- Active: 1968–
- Country: Canada
- Branch: Army / Navy / Air
- Type: School
- Role: BMQ / BMOQ / PLQ / CAFJOD / General Military Training - Instructor
- Size: 600+
- Part of: Canadian Defence Academy (CDA)
- Garrison/HQ: Saint-Jean-sur-Richelieu
- Mottos: French: Apprendre à servir "Learn to serve".

Commanders
- Commandant: LCol Francis Lavoie
- School Chief Warrant Officer: Chief Warrant Officer Frederic Nolin
- Notable commanders: Lieutenant-Colonel S.J.R. Whelan (Past commandant)

Insignia
- Abbreviation: CFLRS

= Canadian Forces Leadership and Recruit School =

The Canadian Forces Leadership and Recruit School (CFLRS) is located at the Saint-Jean Garrison in Saint-Jean-sur-Richelieu, Quebec. It conducts basic training and professional development programs for officers and non-commissioned members, training more than 5000 people a year on-site. The training is now also offered at CFB Borden in Ontario, Canada.

==Courses offered==
The two main courses offered at CFLRS are the Basic Military Qualification (BMQ) for Regular Force Non-Commissioned Members, and the Basic Military Officer Qualification (BMOQ) for Regular Force Officers.
The basic training courses can be physically and psychologically demanding, and recruits undergo tremendous physical and mental stress during the training.

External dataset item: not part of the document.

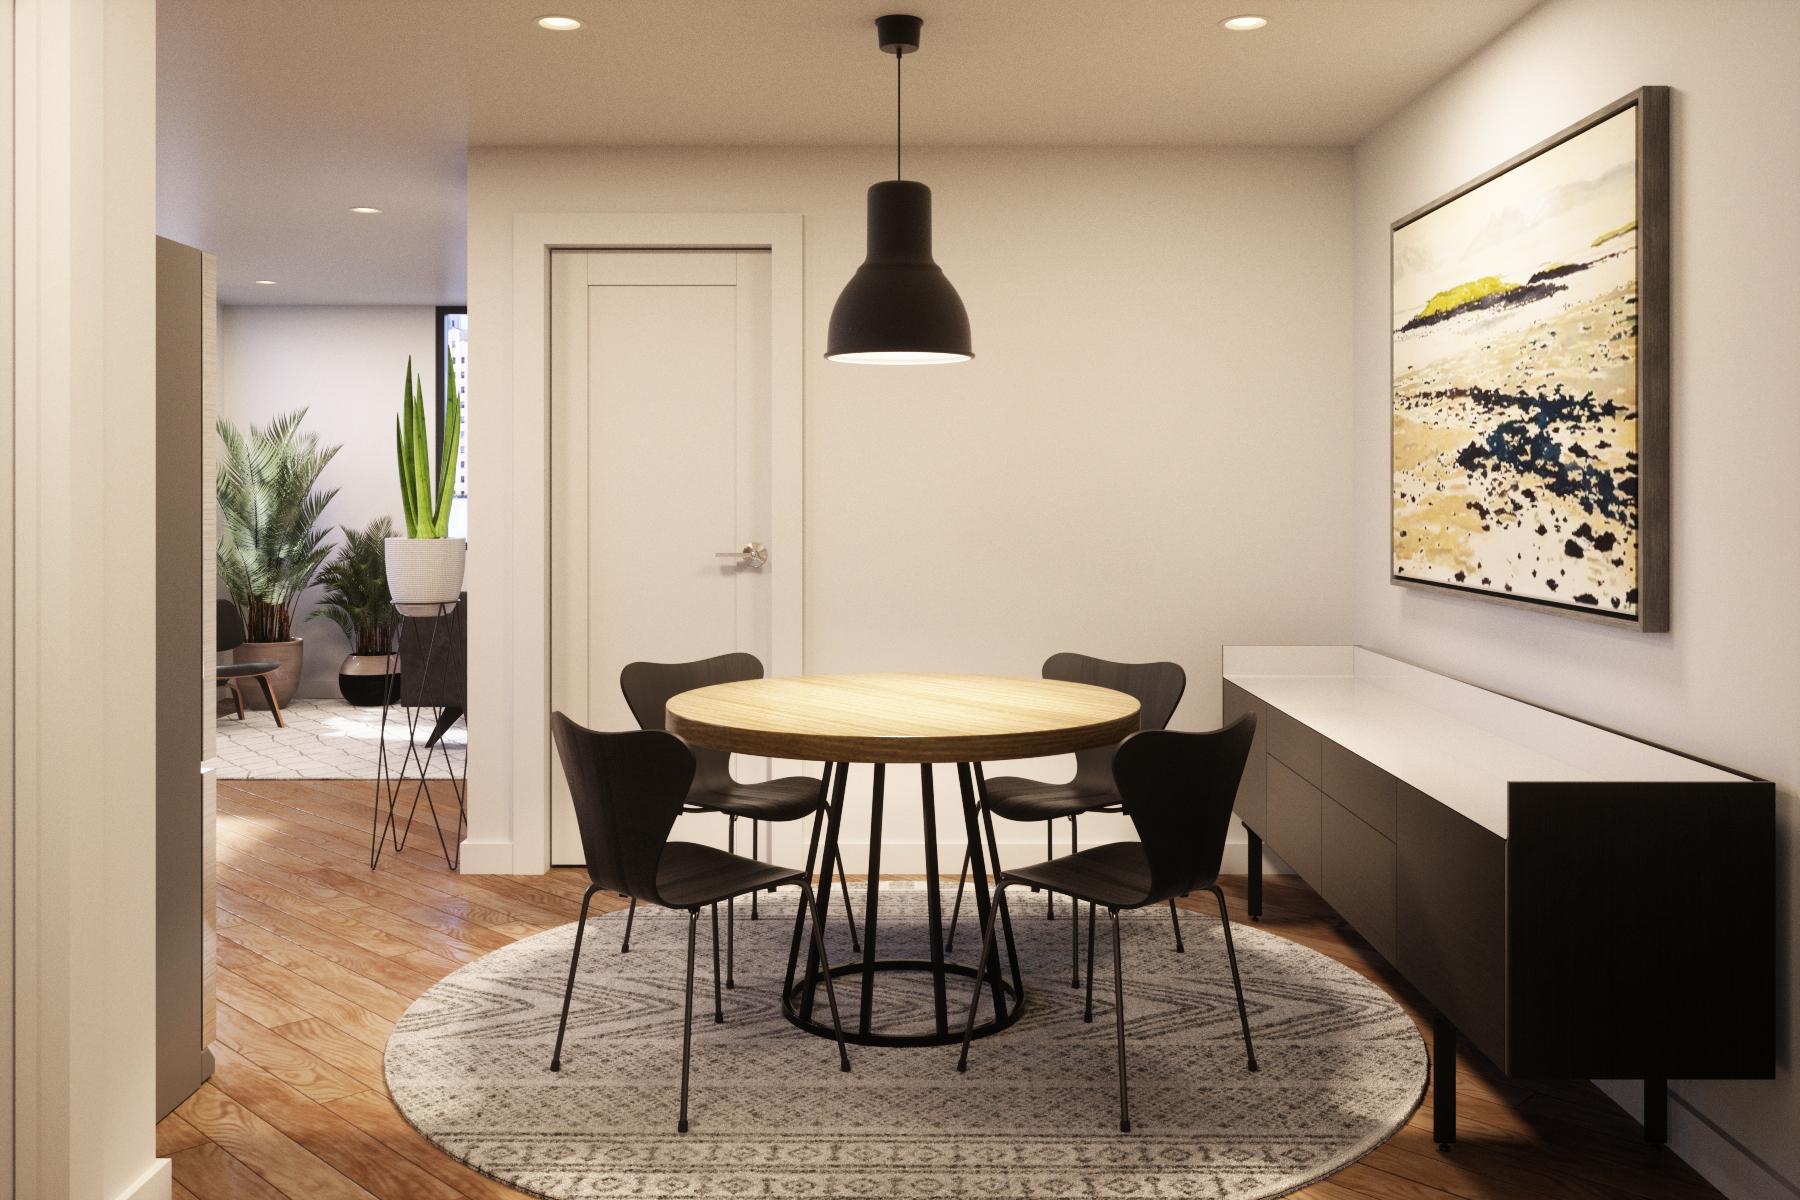 Interior design rendering of a dining room
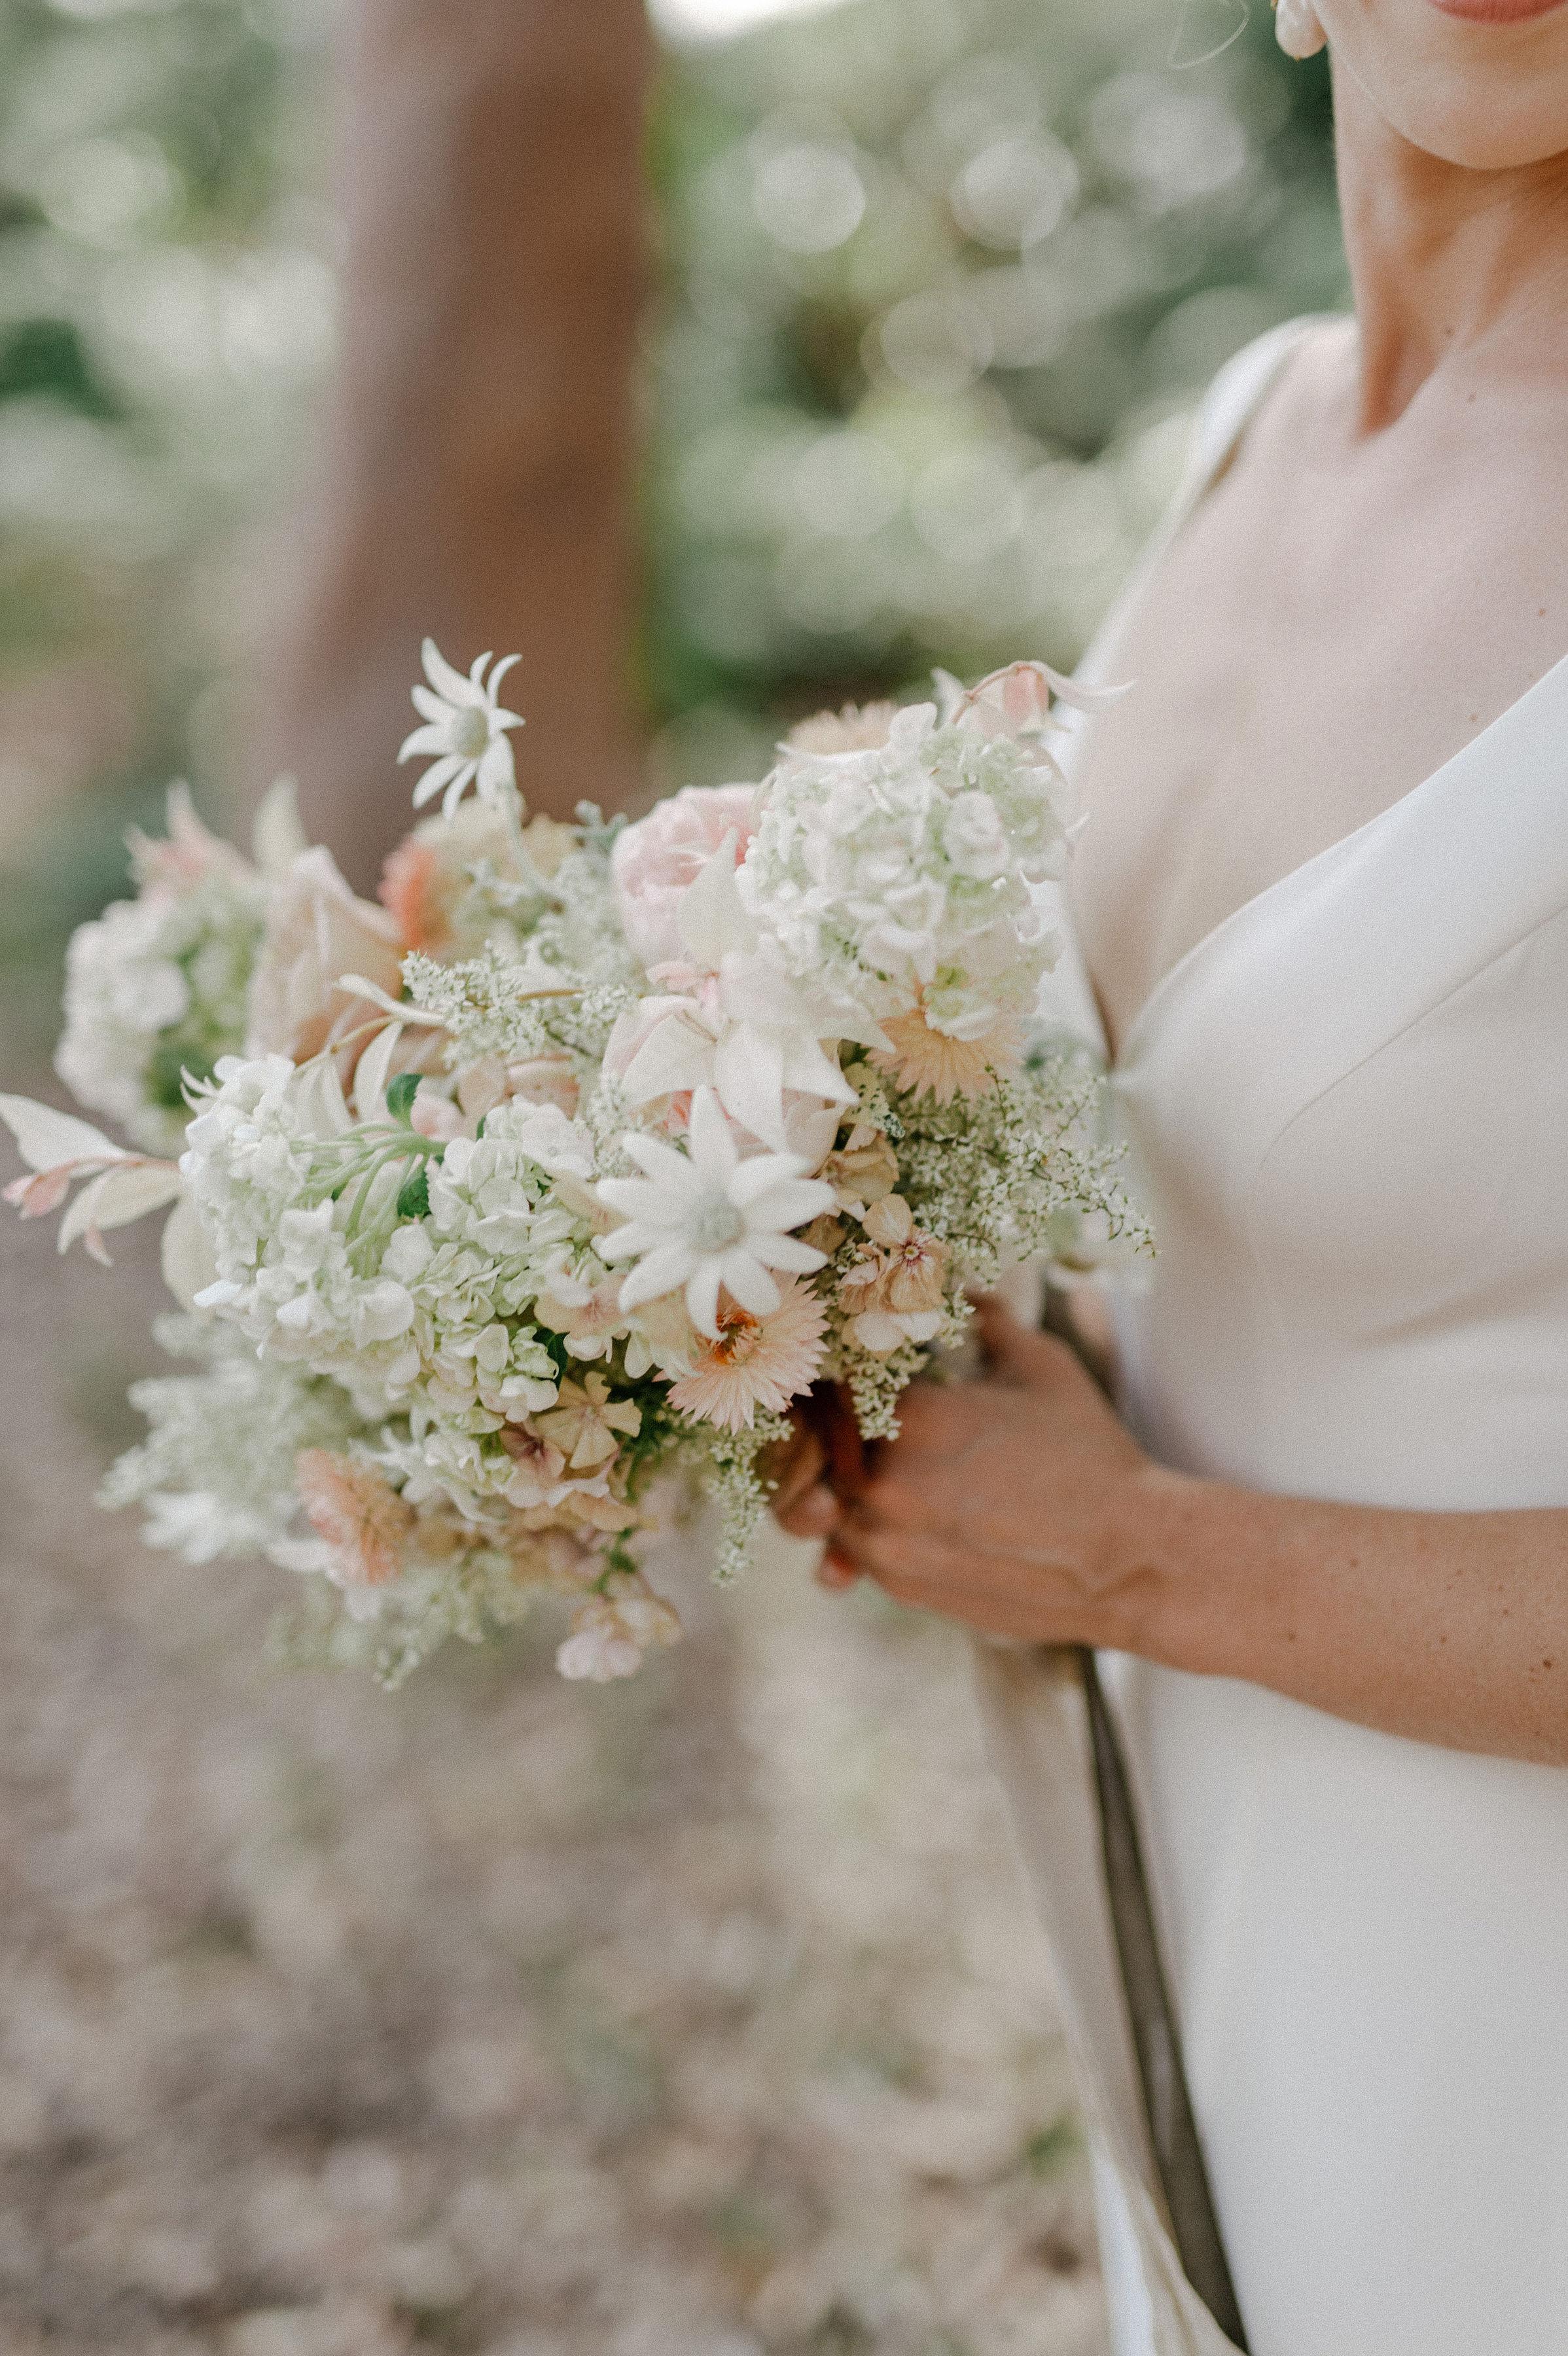 Romantic australian beach wedding. Textural and natural wedding flowers. Soft white bridal bouquet

Those undergoing the nine-week BMQ course are housed at a large dormitory and classroom complex nicknamed the "Mega".

==Responsibilities==
The School is responsible for the Distance Learning portion of the Canadian Forces Primary Leadership Qualification (PLQ). Unlike the BMOQ and BMQ courses which are aimed at recruits and officer cadets, the PLQ is for more senior military members.

The School is also responsible for the Canadian Armed Forces Junior Officer Development (CAFJOD) program which exposes Junior Officers from the Regular and Reserve Forces to a general and standardized body of foundational knowledge through seven Distance Learning modules.

The school's motto is "Learn to Serve" (French: "Apprendre à servir").